CloudWatch to Loggly Forwarder

Cloudwatch::Loggly is an AWS SAM application that automatically ships the logs from Lambda functions to Loggly.

Overview

The SAM template contains two key Lambda functions:

Push Function

This function is responsible for sending events to Loggly.

This function is designed to be triggered by Cloudwatch Log events.

The Push function reads Cloudwatch Log data via the incoming event, decompresses it and sends the data via Loggly's HTTP API.

Subscribe Function

This function periodically wakes up and lists all Lambda functions in its current region.

For each function in the region, a subscription filter is created for the corresponding function's log group. This filter triggers the Push function to deliver data to Loggly.

The interval that this function executes is configurable via the ScheduleExpressionParameter template parameter. Please see the AWS schedule expression documentation for allowed values.

Configuration

The SAM template accepts the following parameters:

• LogglyTokenParameter [required]: The Loggly customer token to send data via the API.
• LogTagsParameter [optional]: A comma separated list of strings that will be sent as tags to Loggly when events are ingested.
• FilterPatternParameter [optional]: The AWS filter expression that is used when subscribing to log groups. By default, all log group events are captured.
• BulkTransmissionParameter [optional]: Determines if Loggly's bulk transmission endpoint should be used for efficiency. Defaults to 'true'.
• ScheduleExpressionParameter [optional]: The AWS schedule expression for the Subscribe function trigger. By default, this executes daily at 16:00 UTC.
• FunctionTimeoutParameter [optional]: The Lambda timeout value in seconds for both the Push and Subscribe function. This value defaults to '10'.

Parameter Overrides

Lambda functions may be tagged with "special" values to override default behaviour.

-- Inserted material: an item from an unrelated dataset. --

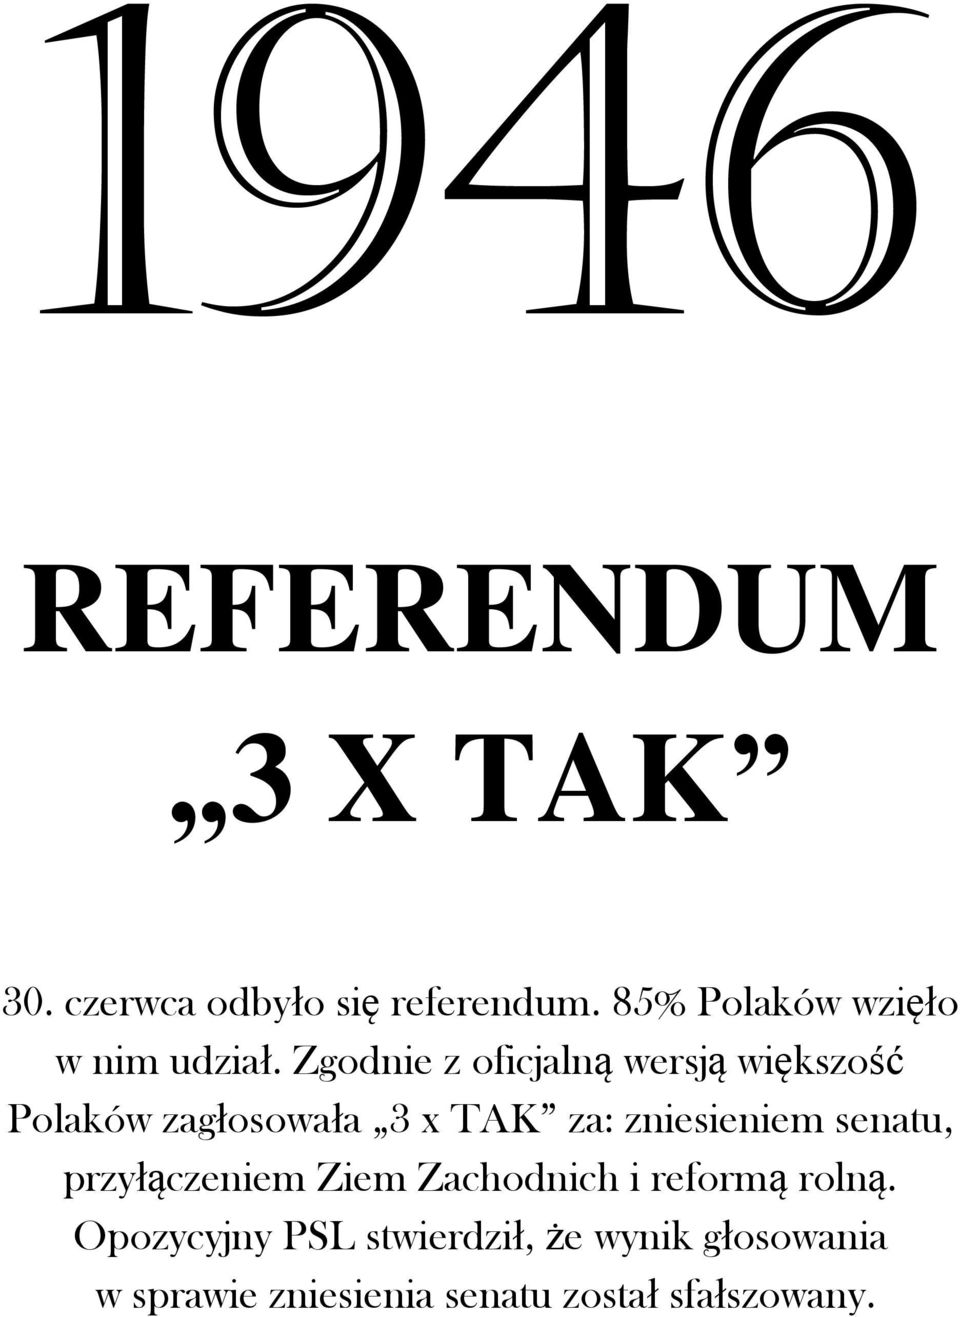 Zgodnie z oficjalną wersją większość Polaków zagłosowała 3 x TAK za: zniesieniem

cloudwatch_loggly_suppress_subscribe

This application assumes an "opt-out" approach when shipping logs. By default, the log groups for all Lambda functions in a region are subscribed to deliver data to Loggly.

If you wish to opt-out a Lambda function from Loggly delivery, add the cloudwatch_loggly_suppress_subscribe tag to the function with any non-blank value.

cloudwatch_loggly_filter_pattern

By default, the value from the FilterPatternParameter is used when subscribing to CloudWatch log events. This value can be overridden on a per-function basis by setting the Lambda function's cloudwatch_loggly_filter_pattern tag to the value that you prefer.

Adding tags to cloudwatch for a lambda

By default, the only tags that will be sent to loggly are the ones specified in LogTagsParameter, the owner (account number) and the log group that the logs are from. If you would like to send additional tags then you must add a tag to the lambda that includes cloudwatch_loggly_tag. For example a lambda with the tag cloudwatch_loggly_tag_mfe: omninotes will have the tag omninotes added to the log in loggly.

Deploying to the AWS Serverless Application Repository

1. Ensure you have the aws and sam CLI tools installed locally.
2. Ensure Docker is installed (the --use-container flag is specified during the build phase).
3. Update the SemanticVersion value in template.yml.
4. run AWS_PROFILE=myprofilename make

NOTE: After publishing a new version, it can take AWS a few hours to propagate the changes across regions. You'll likely see the version update on the Serverless Application Repository in us-east-1 first.

Licence

Cloudwatch::Loggly is licensed under the MIT License. Please see LICENSE for details.